Some languages have neither long vowels nor long consonants (French, Spanish, Portuguese), others have long vowels but only short consonants (English, German, Dutch), and there are some languages that have long and short consonants (Japanese, Italian, Swedish, Finnish, Hungarian, Arabic).
The only examples I've found in English are backcountry and backcourt, which have a long /k:/.
Anyway, in very fast speech, when you don't have the time to put a  pause between two words, it happens that English speakers pronounce long consonants (even if you're not aware, since they are not phonemic in English).
Coming back to 一 and 一致, if you say, very very fast, without any pause, "E chart" and "each chart" the consonant "ch" is longer in the second phrase.
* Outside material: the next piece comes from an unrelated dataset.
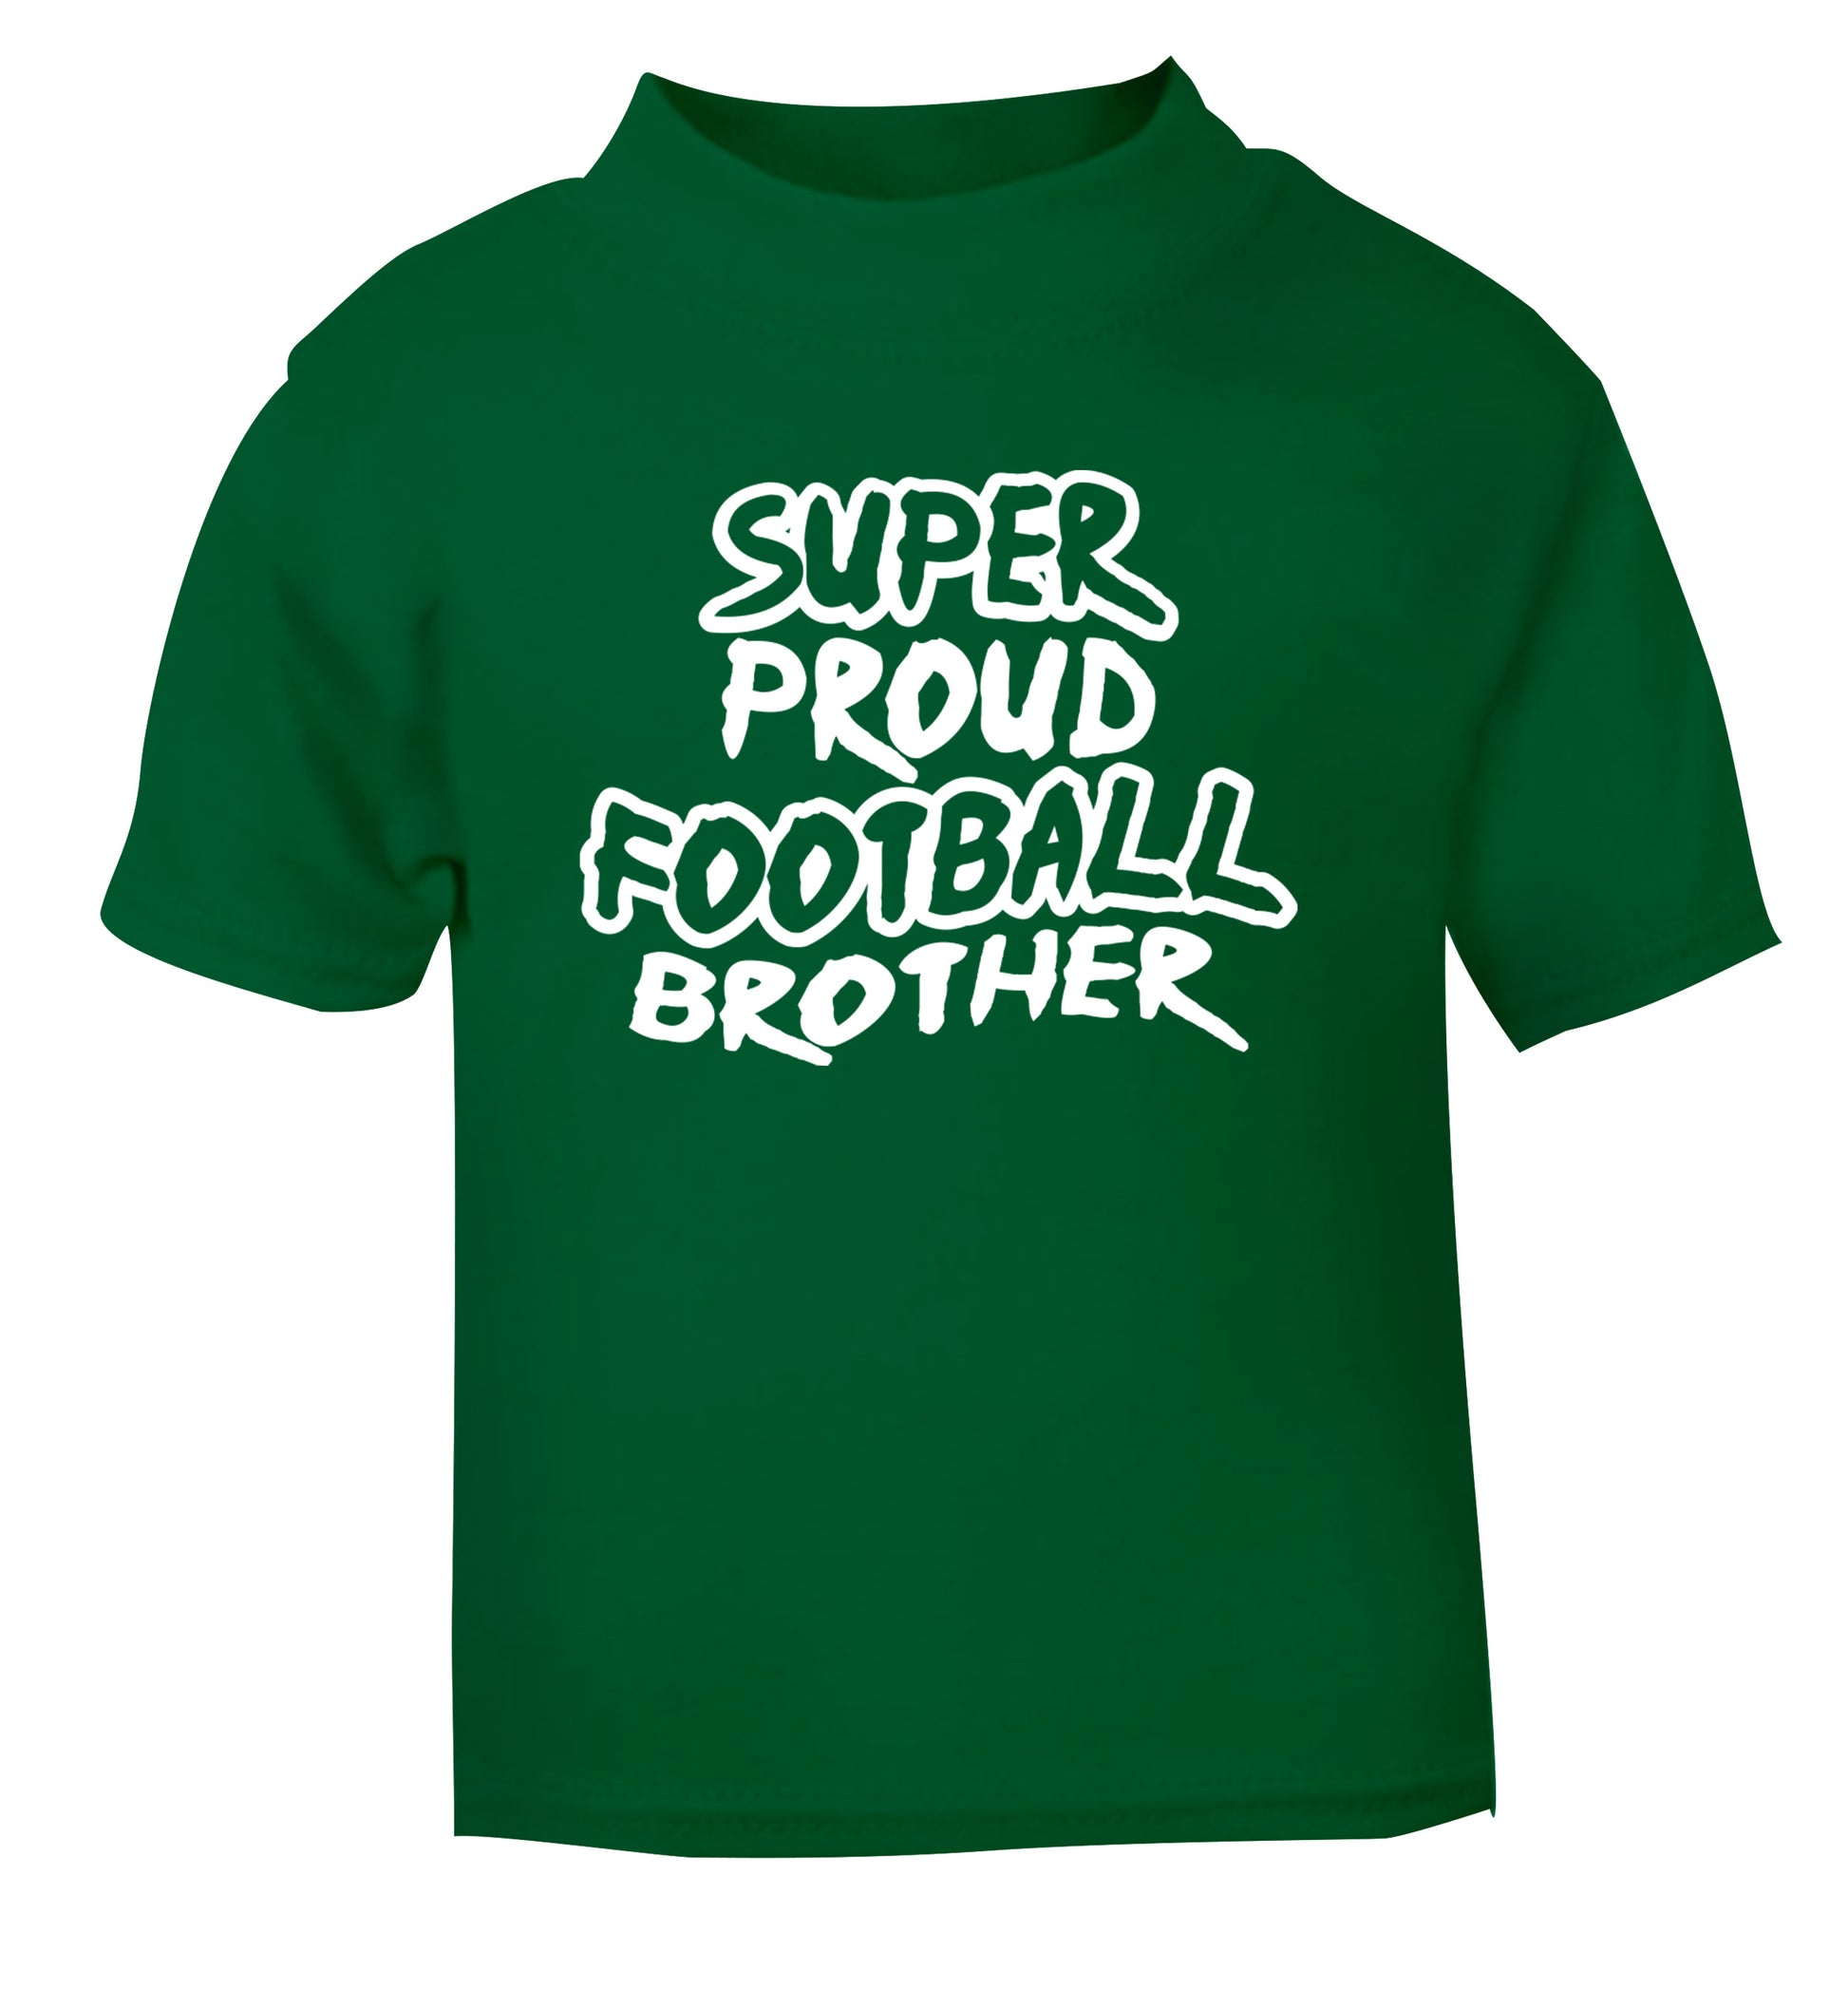 Super proud football brother green Baby Toddler Tshirt 2 Years

I'm sure you pronounce them differently, is it right?
For more examples see John Wells:
John Wells's phonetic blog


Isidore Demsky said:


> (And would they sound the same to a western ear?)


They sound different to an Italian, Finnish, Swedish, Hungarian, Turkish ear.


Isidore Demsky said:


> I never have been able to get this site to work on my device


Try this one:
一  OJAD - 検索結果
一致  OJAD - 検索結果


----------



## citrustree

Isidore Demsky said:


> I never have been able to get this site to work on my device, and I can't hear anything.
> 
> Do they sound alike?
> 
> (And would they sound the same to a western ear?)


I don't think a Japanese person would mix up 一 and 一致, though they do sound kind of similar. 

From my experience of hearing native English speakers say Japanese words, I believe that words like 一 and 一致 must sound almost the same to them. As Nino83 says, in Italian this difference is important (I can think of baci and Bacci) and I believe Italian people wouldn't have any problem in distinguishing 一 and 一致 in Japanese.

The difference between 一 and 一致 is that there is a one-consonant worth of pause in 一致 ("っ"), whereas there's none in 一. With 一致, you suddenly stop after saying い (i) and pause briefly, in which you can imagine saying the consonant that follows (in this case "ch"), and then say ち (chi). With 一, you say the whole word without such a pause. This difference is very distinct and important in Japanese. 肩 (kata)　and 勝った (katta) have the same difference as 一 and 一致.


----------



## Nino83

citrustree said:


> there is a one-consonant worth of pause in 一致 ("っ"),



In phonetic terms it can be a glottal stop [ʔʨ] or an unreleased consonant [ʨ̚ ʨ]. The difference is that in the second case you put your thong in the right position, as if you wanted to pronounce that consonant but you hold that position for some time before pronouncing the consonant. I think in Japanese (like in Italian) long consonants are more similar to an unreleased consonant followed by a released consonant. Put your thong in the right position, wait a little and then release it.


----------